Department of Neurology, Epilepsy-Center Berlin-Brandenburg, Charité - Universitätsmedizin Berlin, Berlin, Germany.
Beaumont Hospital, Royal College of Surgeons in Ireland, Dublin, Ireland.
Acta Neurol Scand. 2019 Jan;139(1):49-63. doi: 10.1111/ane.13023. Epub 2018 Oct 2.
To assess the effectiveness and safety/tolerability of eslicarbazepine acetate (ESL) monotherapy in clinical practice in Europe.
Euro-Esli was a pooled analysis of 14 European clinical practice studies. Responder rate (≥50% seizure frequency reduction) and seizure freedom rate (seizure freedom at least since prior visit) were assessed after 3, 6 and 12 months of ESL treatment and at last visit. Adverse events (AEs) and AEs leading to ESL discontinuation were assessed throughout follow-up. A subanalysis was conducted to assess outcomes for patients treated initially with ESL monotherapy and for patients treated at the last visit with ESL monotherapy.

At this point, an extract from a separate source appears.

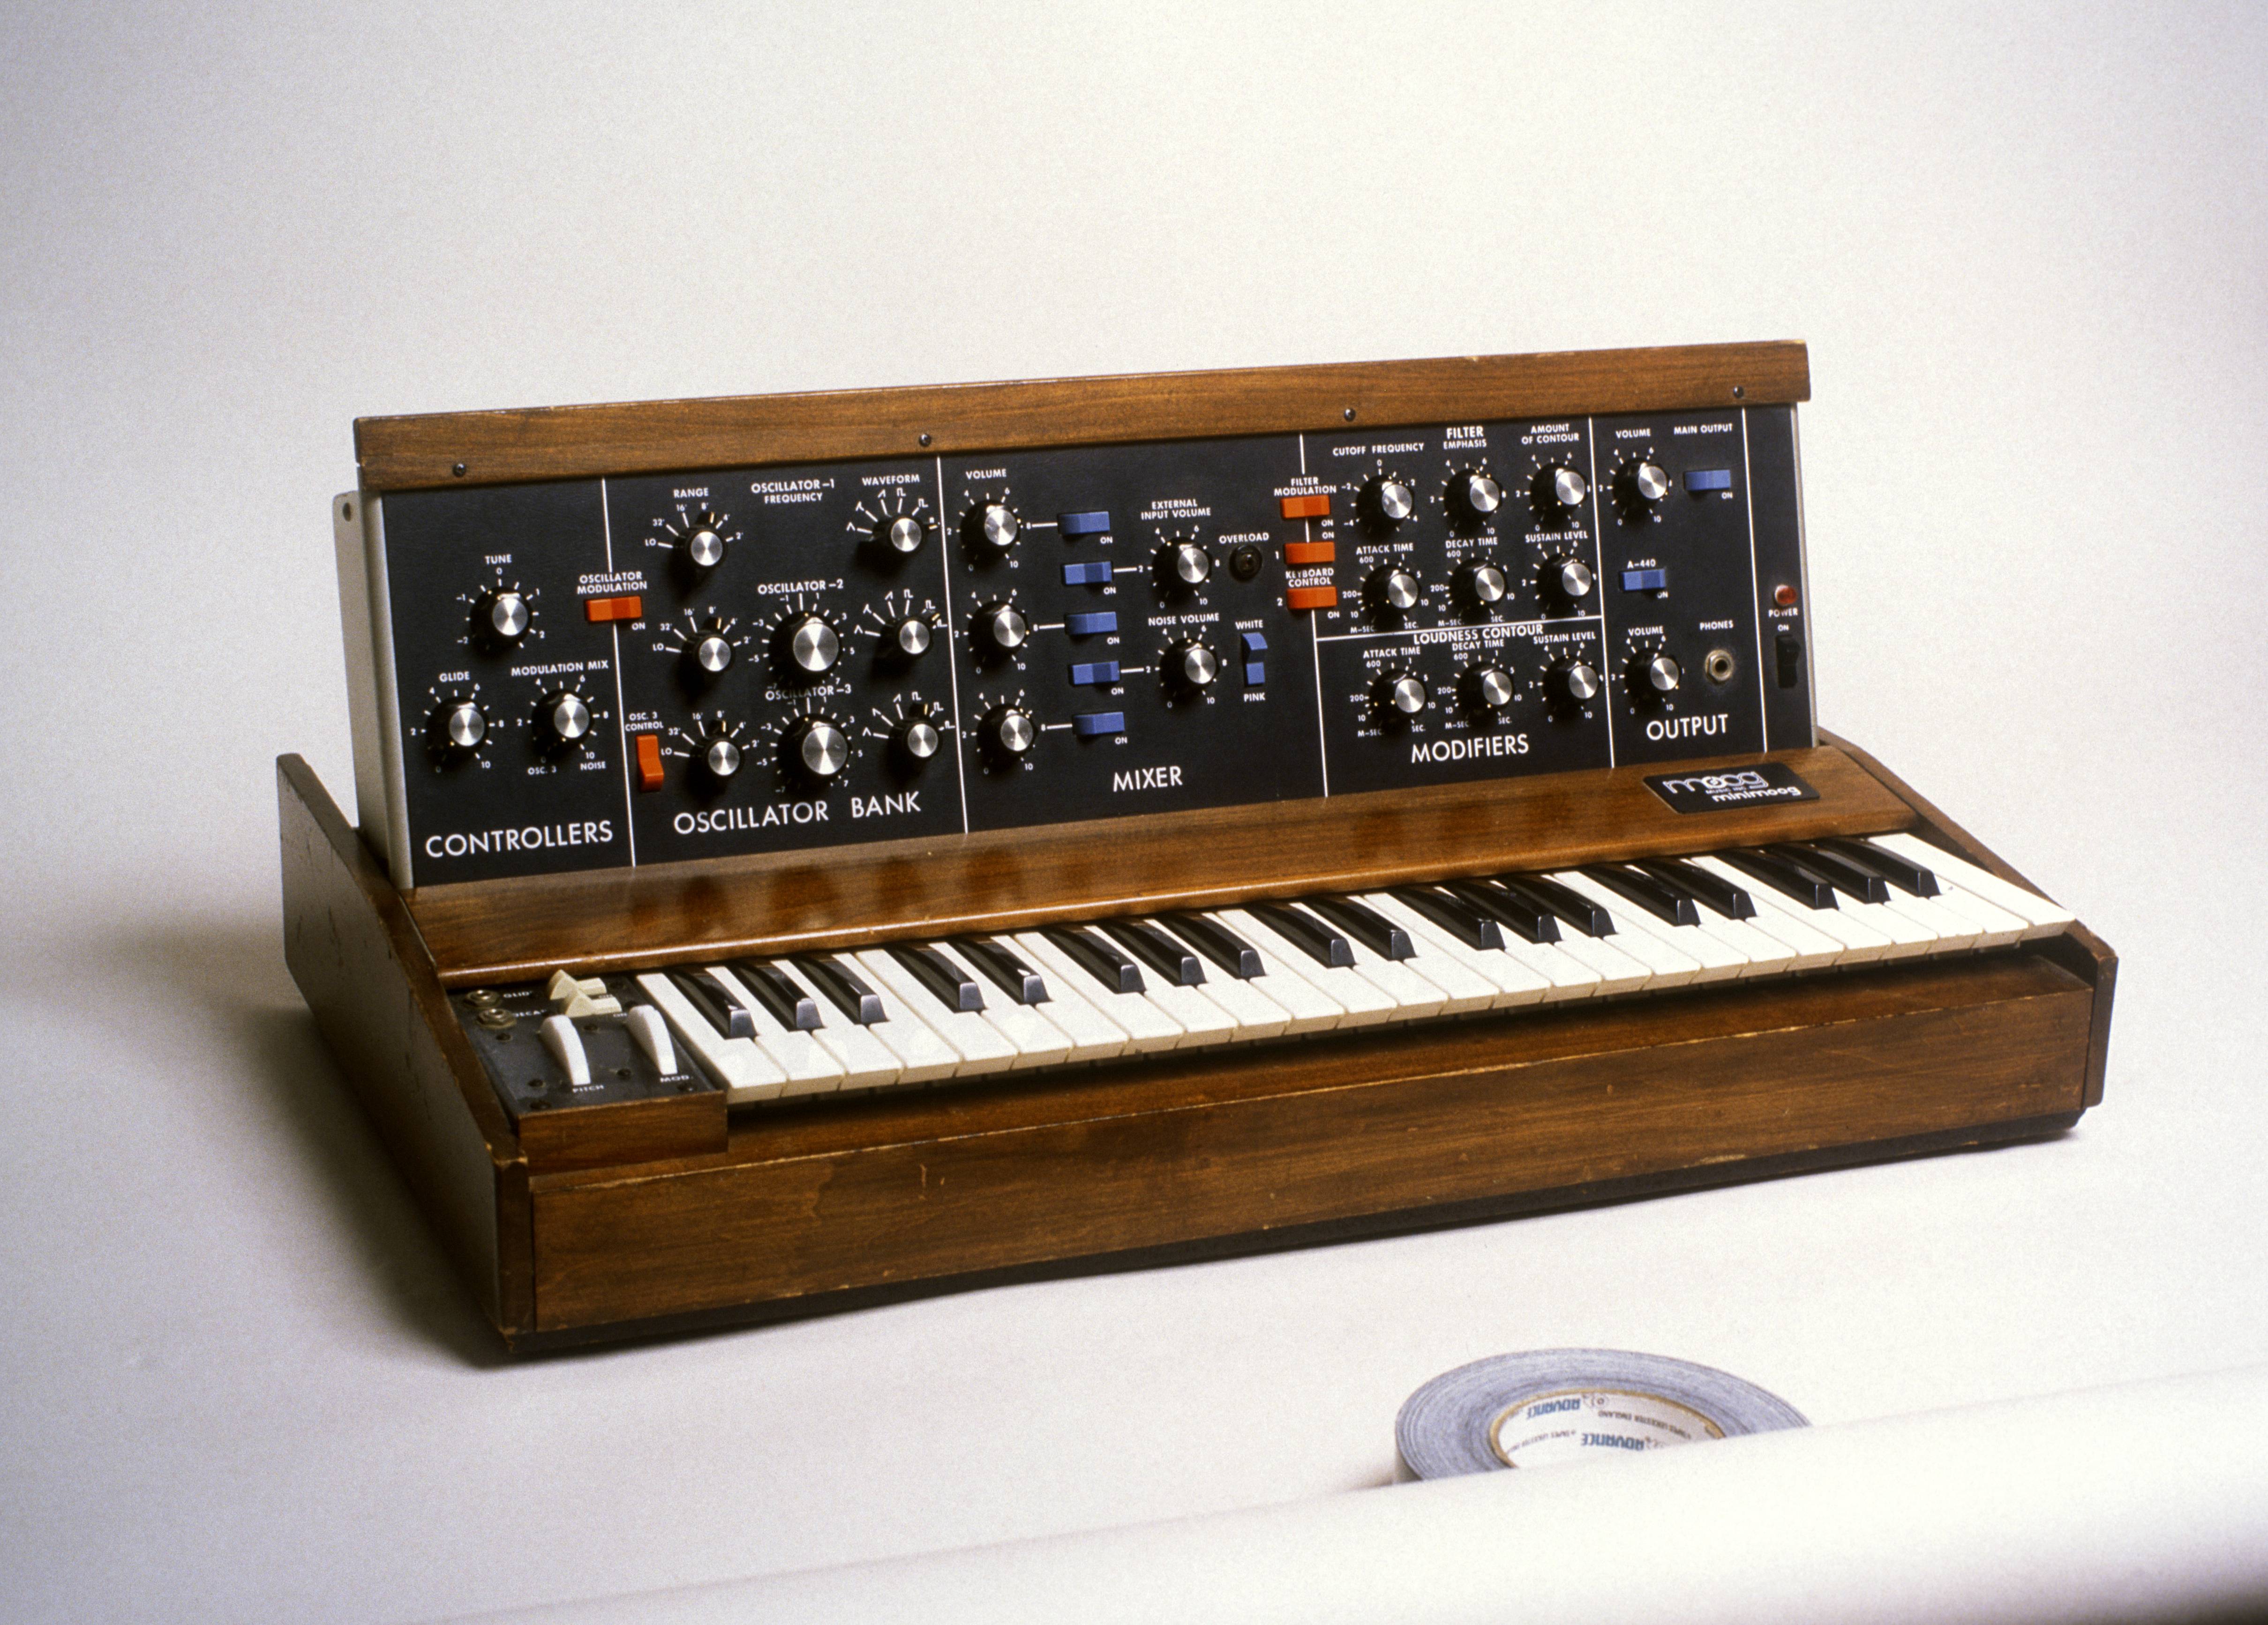 Robert Moog, Forefather of Synth, Inducted Into the National Inventors Hall of Fame

ESL was used as monotherapy in 88/2045 (4.3%) patients initially and in 229/1340 (17.1%) patients at the last visit. At 12 months, responder and seizure freedom rates were 94.1% and 88.2%, respectively, in patients treated initially with ESL monotherapy, and 93.2% and 77.4%, respectively, in patients treated at the last visit with ESL monotherapy. Corresponding values for patients treated initially with ESL adjunctive therapy were 74.8% and 39.0%, respectively; and for patients treated at the last visit with ESL adjunctive therapy, corresponding values were 70.4% and 25.9%, respectively. Safety and tolerability were generally comparable in patients treated with ESL as monotherapy or adjunctive therapy. The most commonly reported AEs (≥5% of patients in any group) were dizziness, somnolence, instability/ataxia, and fatigue.
These clinical practice data support the use of ESL as monotherapy, as well as adjunctive therapy, for focal-onset seizures, complementing evidence from clinical trials.
评估醋酸艾司利卡西平(ESL)单药治疗在欧洲临床实践中的疗效和安全性/耐受性。
Euro-Esli 是对 14 项欧洲临床实践研究的汇总分析。在 ESL 治疗 3、6 和 12 个月后以及最后一次就诊时评估应答率(≥50%发作频率减少)和无发作率(至少自上次就诊以来无发作)。在整个随访期间评估不良事件(AE)和导致 ESL 停药的 AE。进行了一项亚分析,以评估最初接受 ESL 单药治疗的患者和最后一次就诊时接受 ESL 单药治疗的患者的结局。
ESL 最初作为单药治疗用于 88/2045(4.3%)例患者,最后一次就诊时用于 229/1340(17.1%)例患者。在 12 个月时,最初接受 ESL 单药治疗的患者应答率和无发作率分别为 94.1%和 88.2%,最后一次就诊时接受 ESL 单药治疗的患者分别为 93.2%和 77.4%。最初接受 ESL 辅助治疗的患者相应值分别为 74.8%和 39.0%;最后一次就诊时接受 ESL 辅助治疗的患者相应值分别为 70.4%和 25.9%。接受 ESL 单药或辅助治疗的患者的安全性和耐受性通常相当。报告发生率≥5%(任何组中)的最常见 AE 为头晕、嗜睡、不稳定/共济失调和疲劳。
这些临床实践数据支持 ESL 作为单药治疗,以及辅助治疗局灶性发作,补充了临床试验的证据。